How do I integrate $\displaystyle\int (x^2 + 2)\sqrt{1-x} \; dx$ ?
I have feeling substitution might be used, but I just can't put my finger on it...
Thank you.
How do I integrate $\displaystyle\int (x^2 + 2)\sqrt{1-x} \; dx$ ?
I have feeling substitution might be used, but I just can't put my finger on it...
Thank you.
The ‘problem child’ in your integrand is $\sqrt{1-x}$; that should immediately suggest substituting either $u=\sqrt{1-x}$ or $u=1-x$. The latter looks simpler, so let’s try it and see what happens. We get $du=-dx$, which is nice and simple, and it’s easy enough to solve for $x$ to find that $x=1-u$. Now substitute $1-u$ for $x$ in the rest of the integrand, and you get
$$\begin{align*}\int (x^2+2)\sqrt{1-x}\,dx&=-\int\left((1-u)^2+2\right)\sqrt u\, du\\ &=-\int(3-2u+u^2)u^{1/2}\,du\;. \end{align*}$$
Now just multiply out, use the power rule, and reverse the substitution.

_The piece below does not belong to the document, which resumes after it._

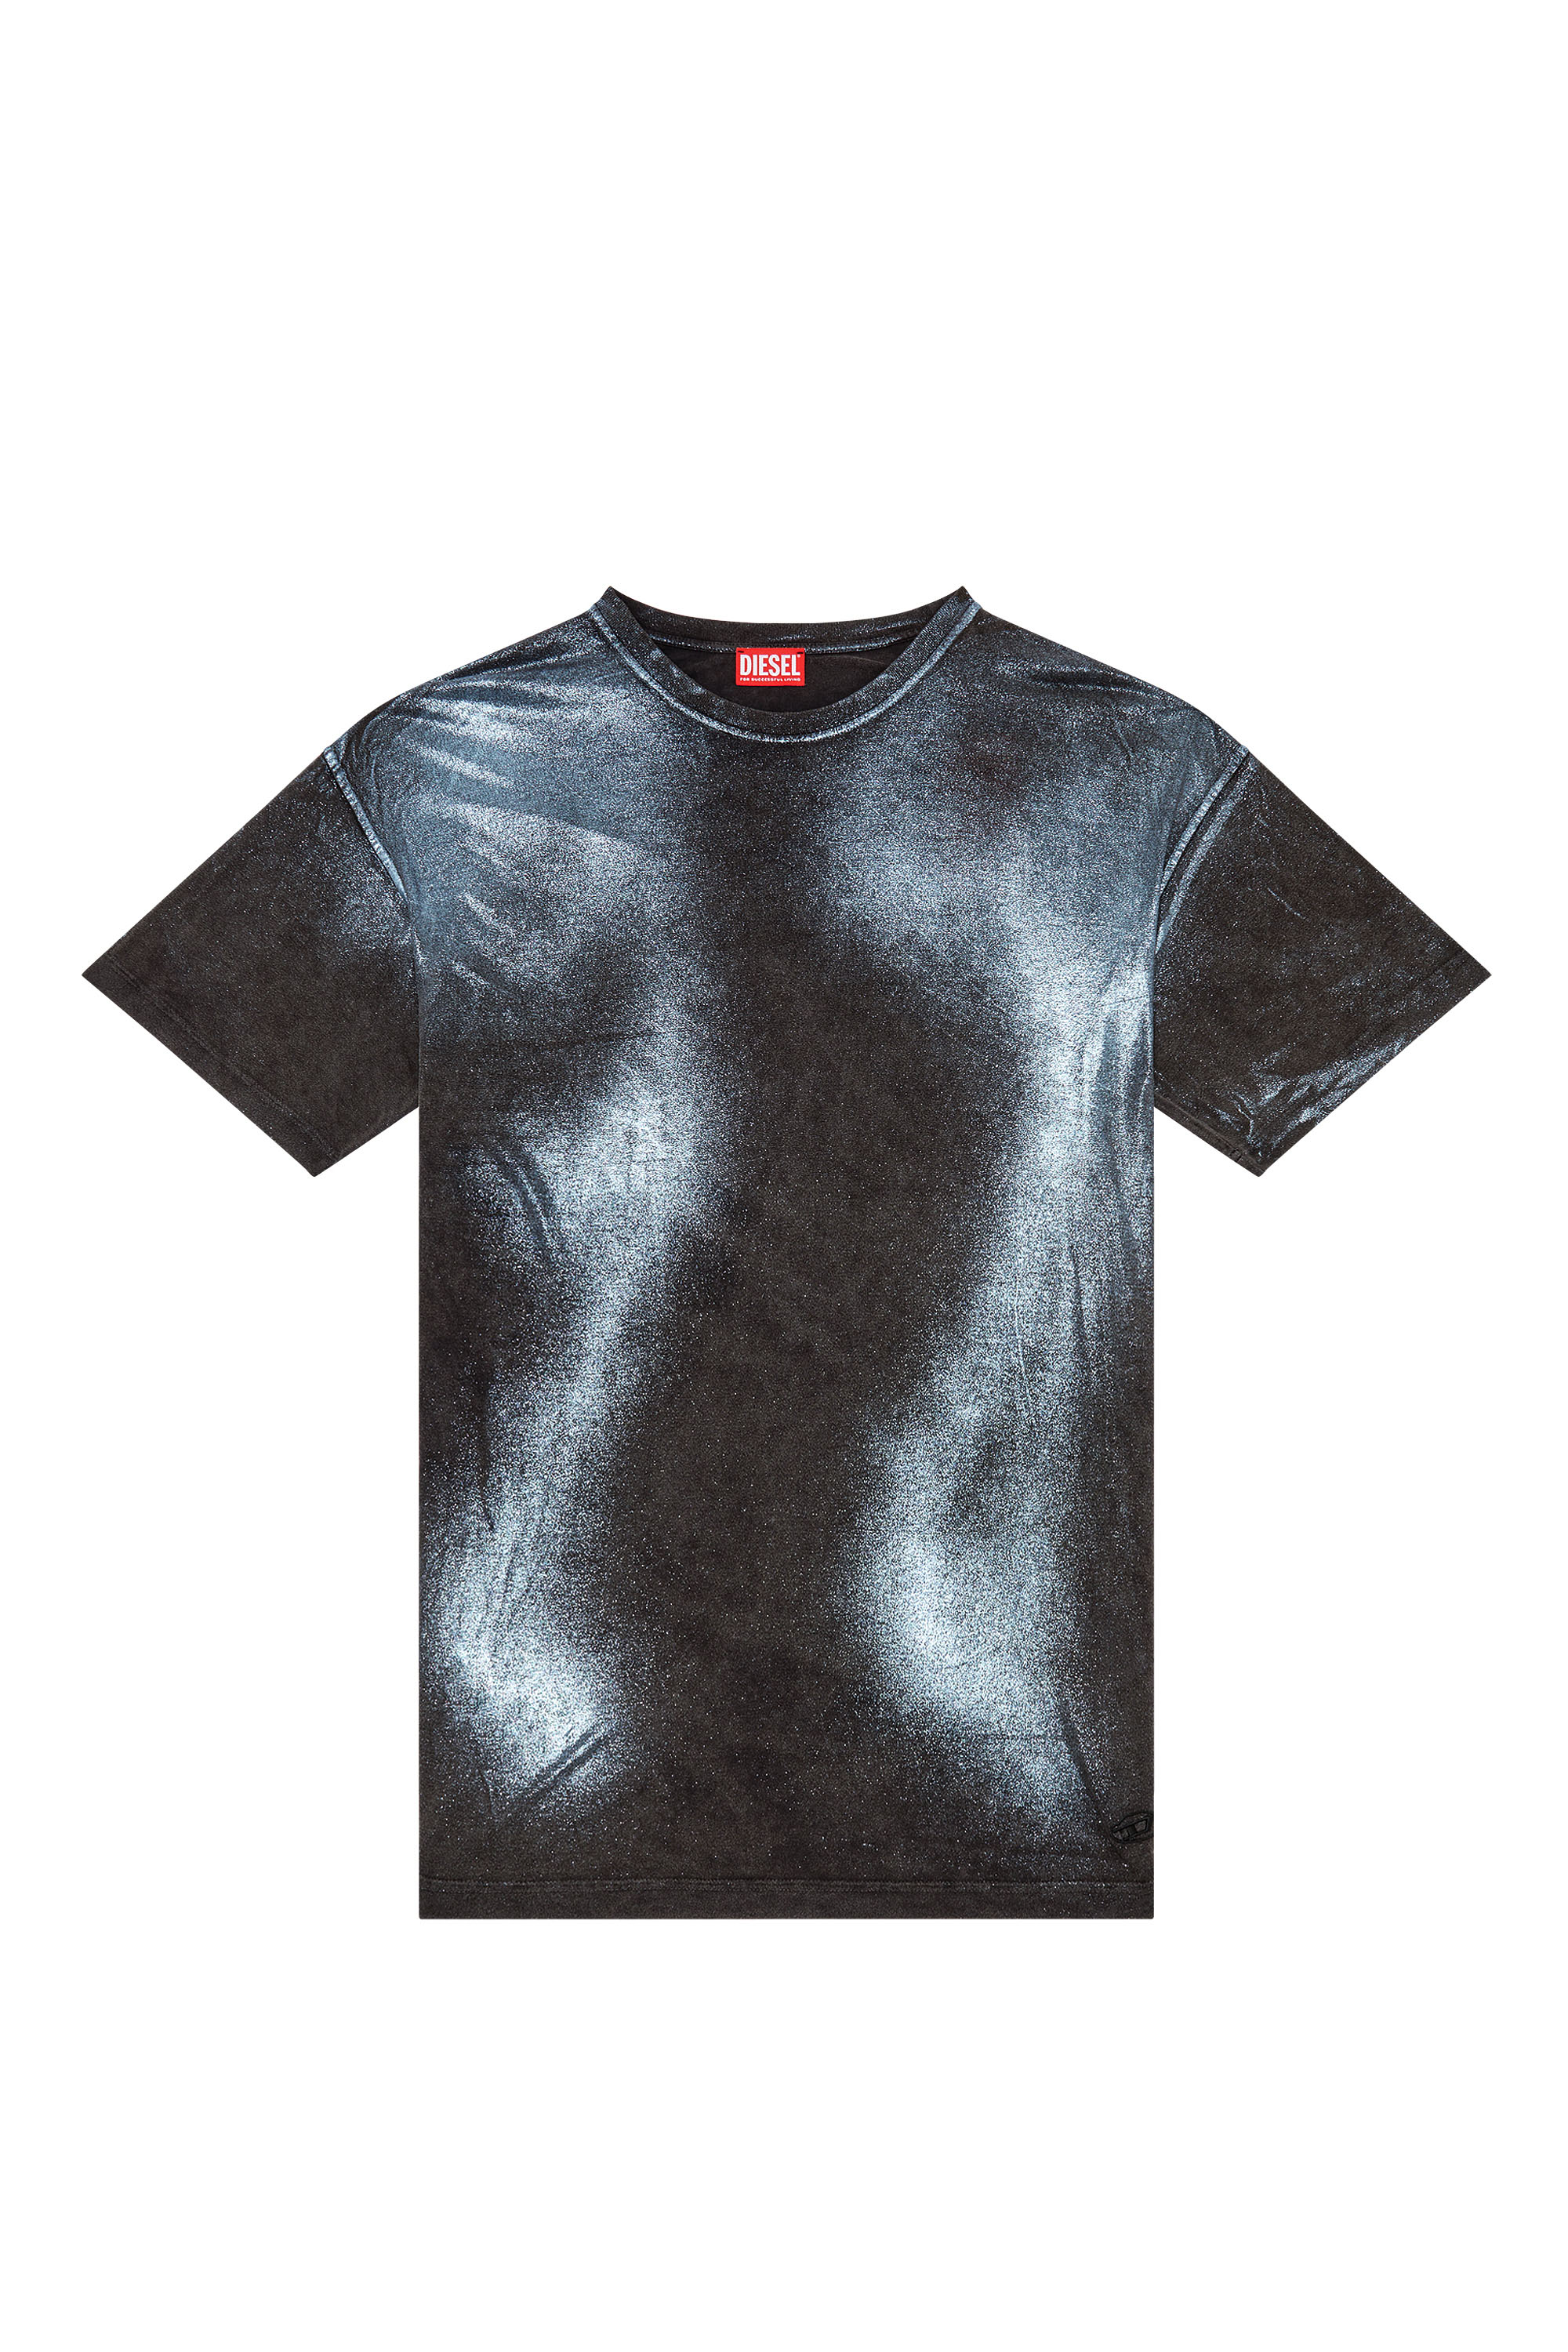 Diesel - T-BUXT, Homme T-shirt métallisé délavé in Polychrome - Image 3

You might wonder what would have happened if we’d used the substitution $u=\sqrt{1-x}$ instead. Then we’d have $x=1-u^2$, so $x^2+2=(1-u^2)^2+2=3-2u^2+u^4$, which isn’t bad. We also get $$du=\frac{-1}{\sqrt{1-x}}dx\;,$$ or $dx=-\sqrt{1-x}\,du$ which looks a little ugly until you realize that it’s just $-u\,du$. Thus, with this substitution we get
$$\int (x^2+2)\sqrt{1-x}\,dx=-\int(3-2u^2+u^4)u^2\, du\;,$$
which turns out to be not so bad after all.
Note that $$x^2+2=(1-x)^2-2(1-x)+3,$$ which implies that $$(x^2+2)\sqrt{1-x}=(1-x)^\frac{5}{2}-2(1-x)^{\frac{3}{2}}+3(1-x)^{\frac{1}{2}}.$$ Therefore, let $u=1-x$, we have $dx=-du$, which implies that $$\int (x^2+2)\sqrt{1-x}dx=-\int u^\frac{5}{2}-2u^{\frac{3}{2}}+3u^{\frac{1}{2}}du$$ $$=-\frac{2}{7}u^{\frac{7}{2}}+\frac{4}{5}u^{\frac{5}{2}}+2u^{\frac{3}{2}}+C$$ $$=-\frac{2}{7}(1-x)^{\frac{7}{2}}+\frac{4}{5}(1-x)^{\frac{5}{2}}+2(1-x)^{\frac{3}{2}}+C.$$
Another way is a rationalizing substitution ("rationalizing" $=$ getting rid of the radical): $$ u=\sqrt{1-x} $$ $$ u^2=1-x $$ $$ 2u\;du = -dx $$ $$ x=1-u^2 $$ $$ \int (x^2 + 2)\sqrt{1-x} \; dx = \int((1-u^2)^2+2) u (2u\;du). $$ Then multiply it out and you're integrating a polynomial.
Finally, but $\sqrt{1-x}$ in place of each "$u$" at the end.